**Exercise description**
Only one stretch of the listing below is wanted. Begin at the line that has "To Masaki Aiba", stop after the line that has "32th Anniversary", and repeat every line in between exactly.

===== Record set

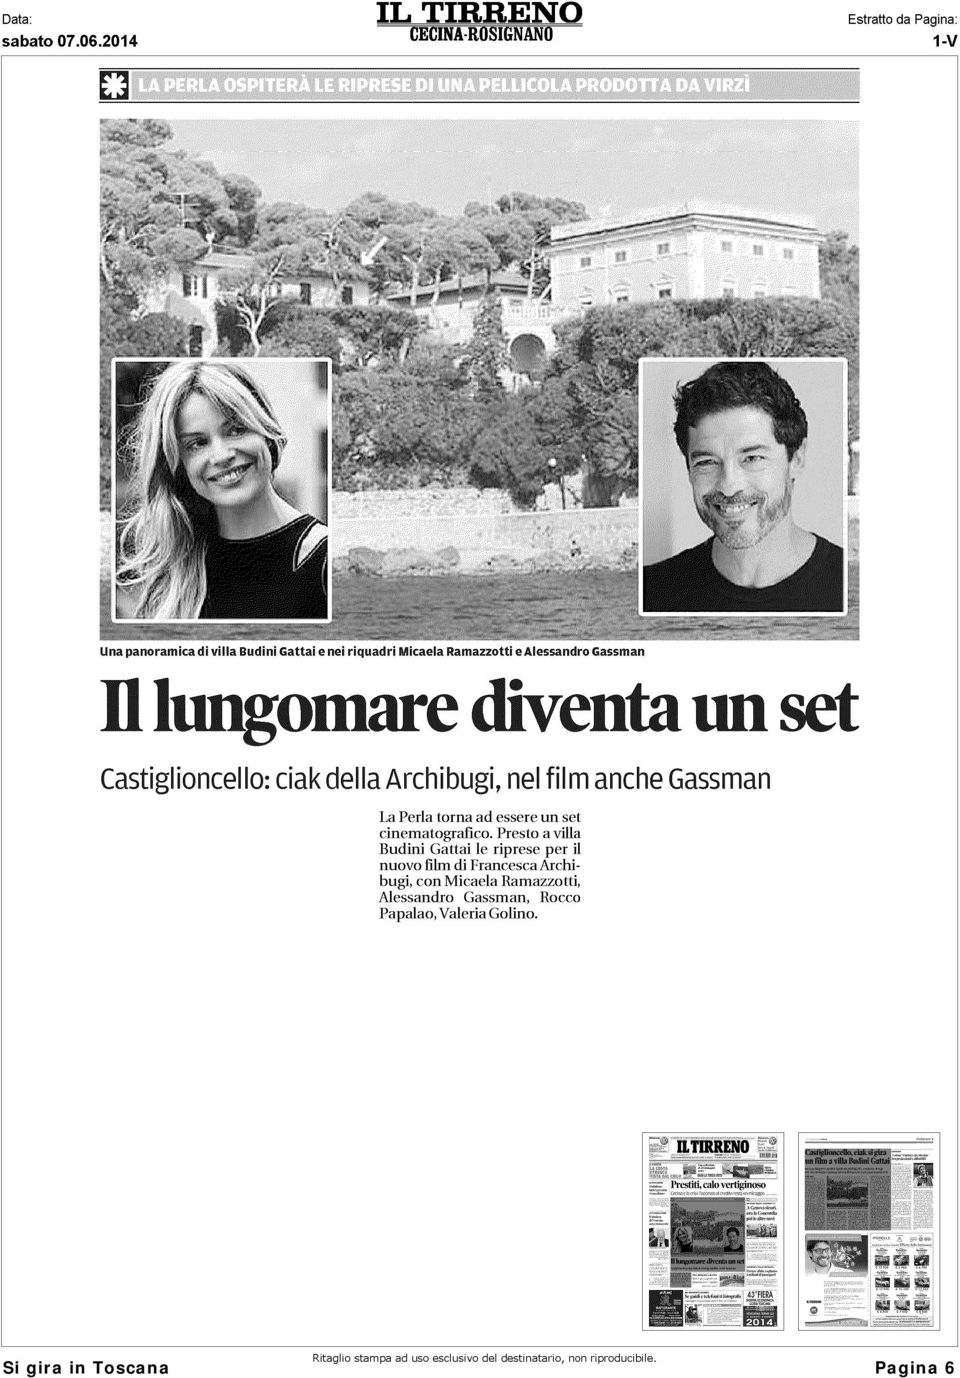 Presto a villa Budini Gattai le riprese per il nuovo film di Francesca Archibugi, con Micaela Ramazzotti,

==========
===== Record set

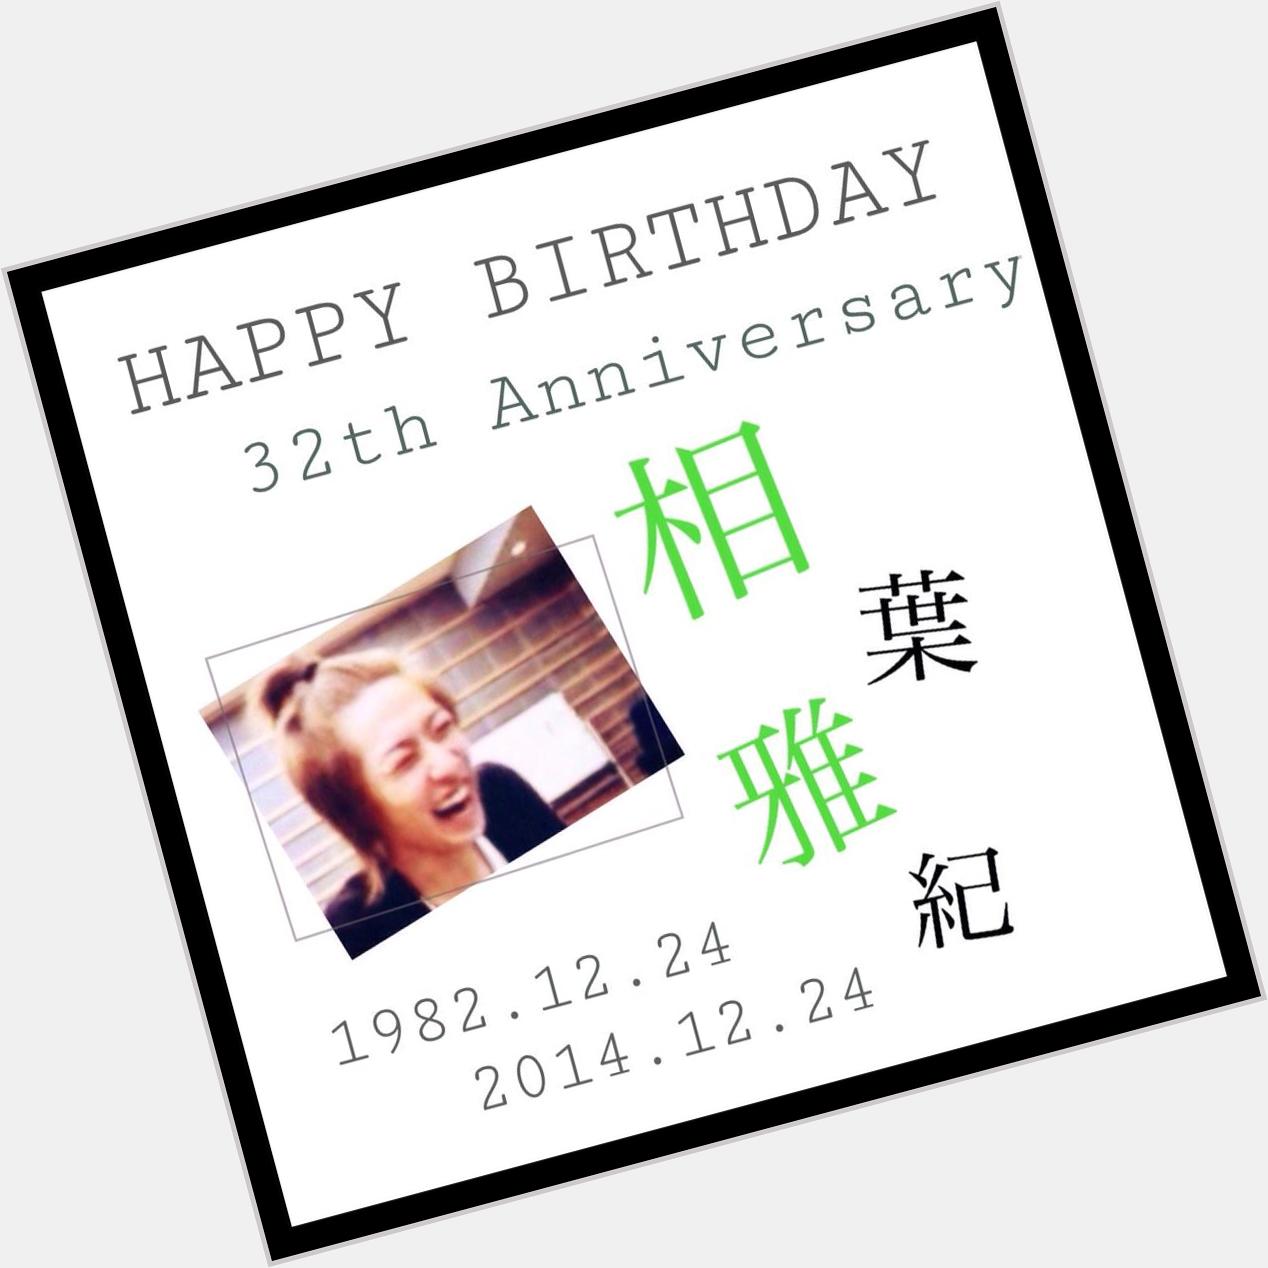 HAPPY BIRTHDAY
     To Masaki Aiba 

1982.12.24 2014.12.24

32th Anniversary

==========
===== Record set

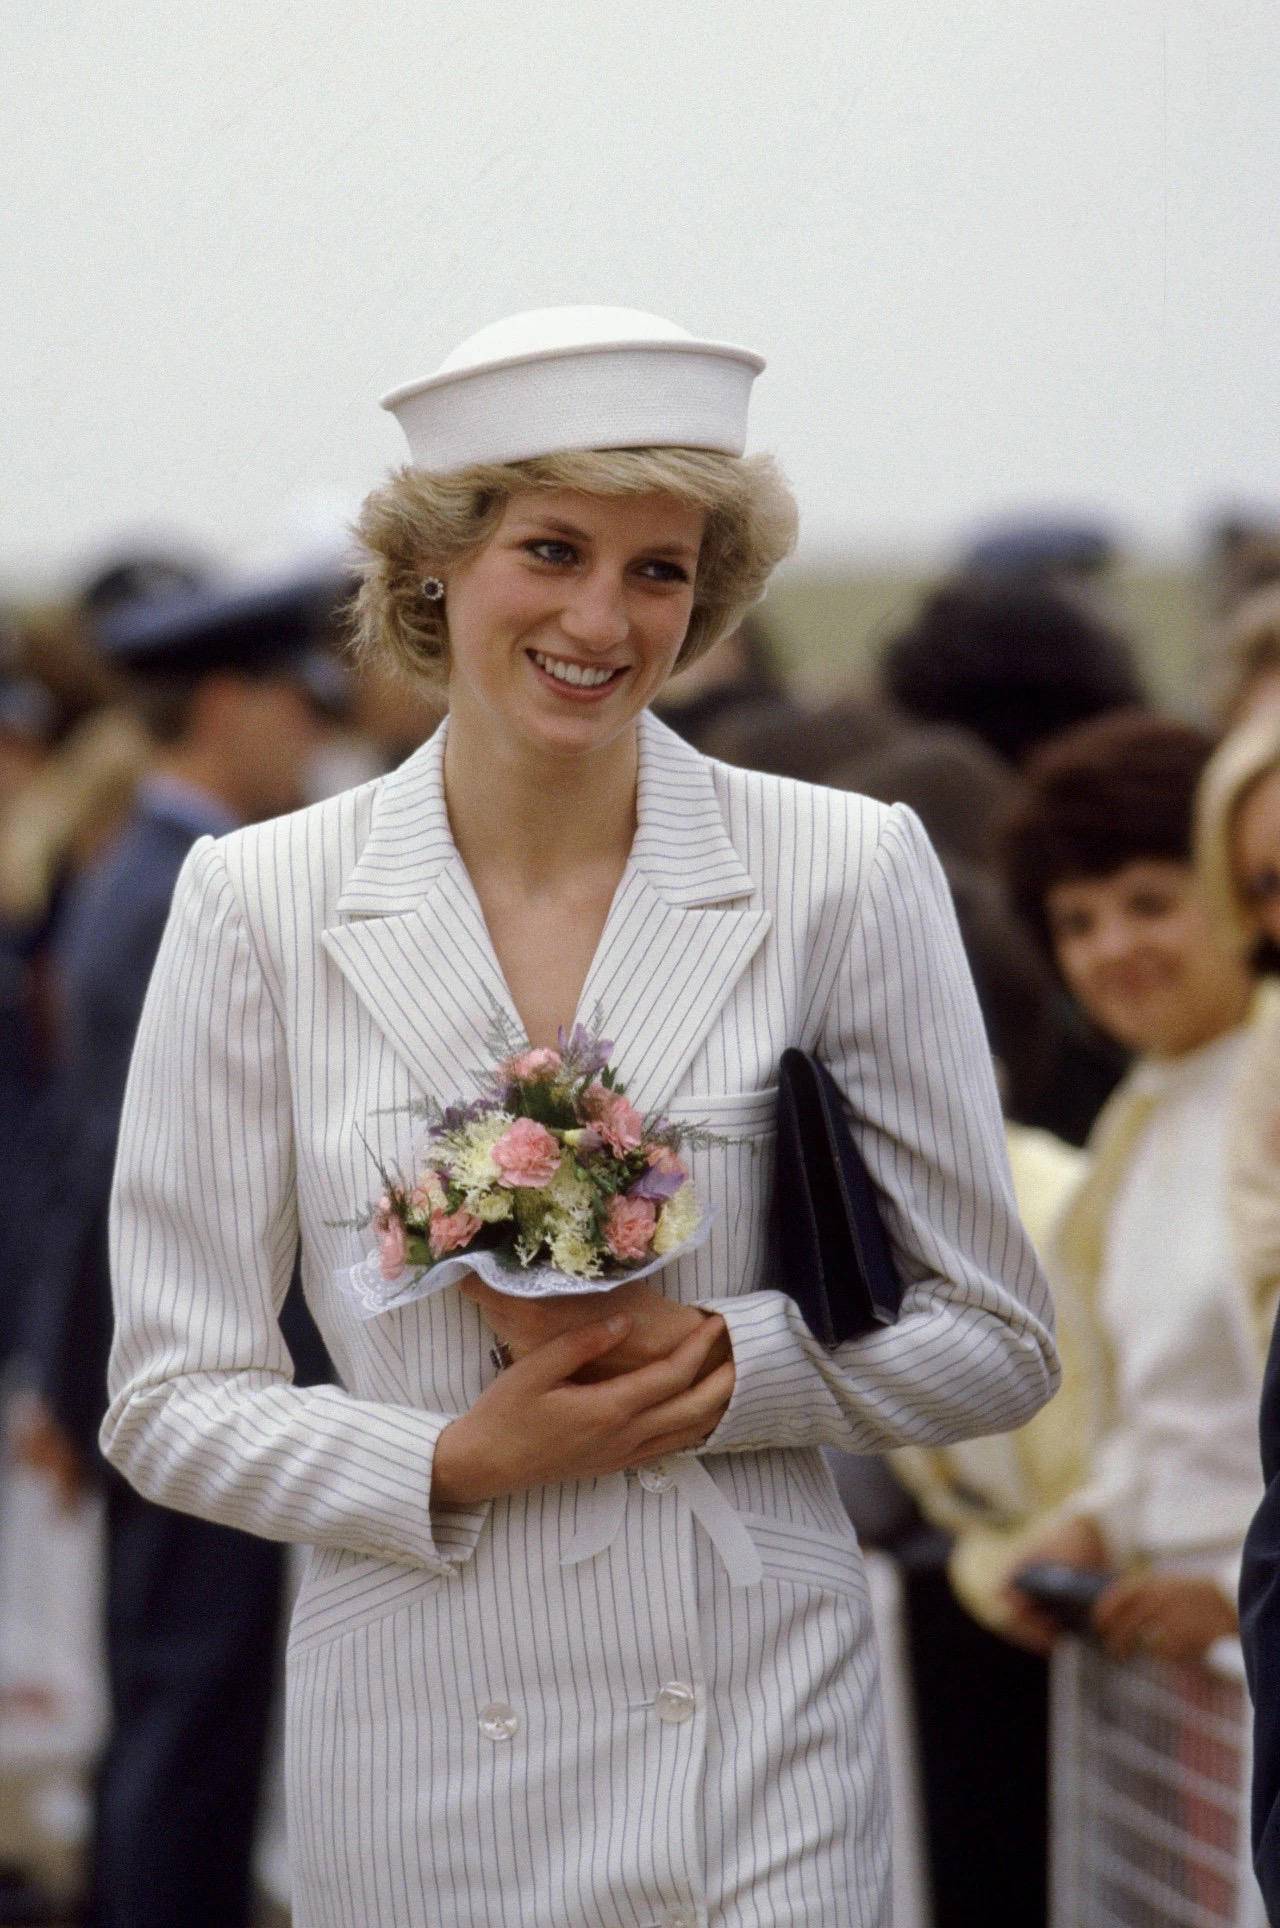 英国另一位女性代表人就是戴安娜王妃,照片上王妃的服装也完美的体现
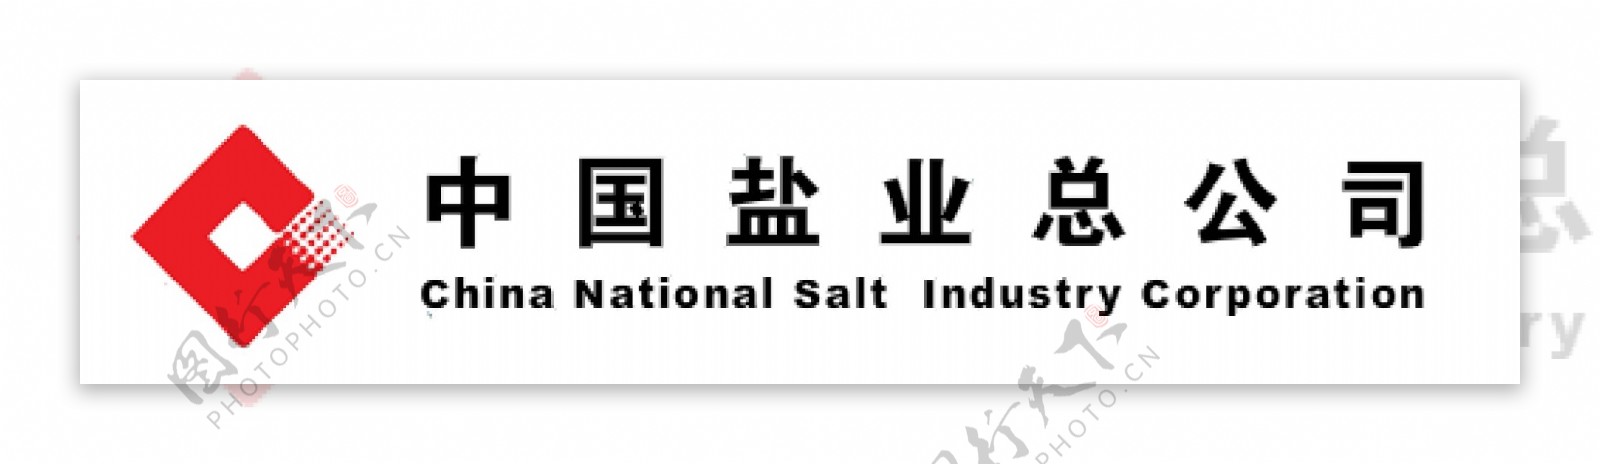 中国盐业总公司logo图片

==========

**Final answer**
     To Masaki Aiba 

1982.12.24 2014.12.24

32th Anniversary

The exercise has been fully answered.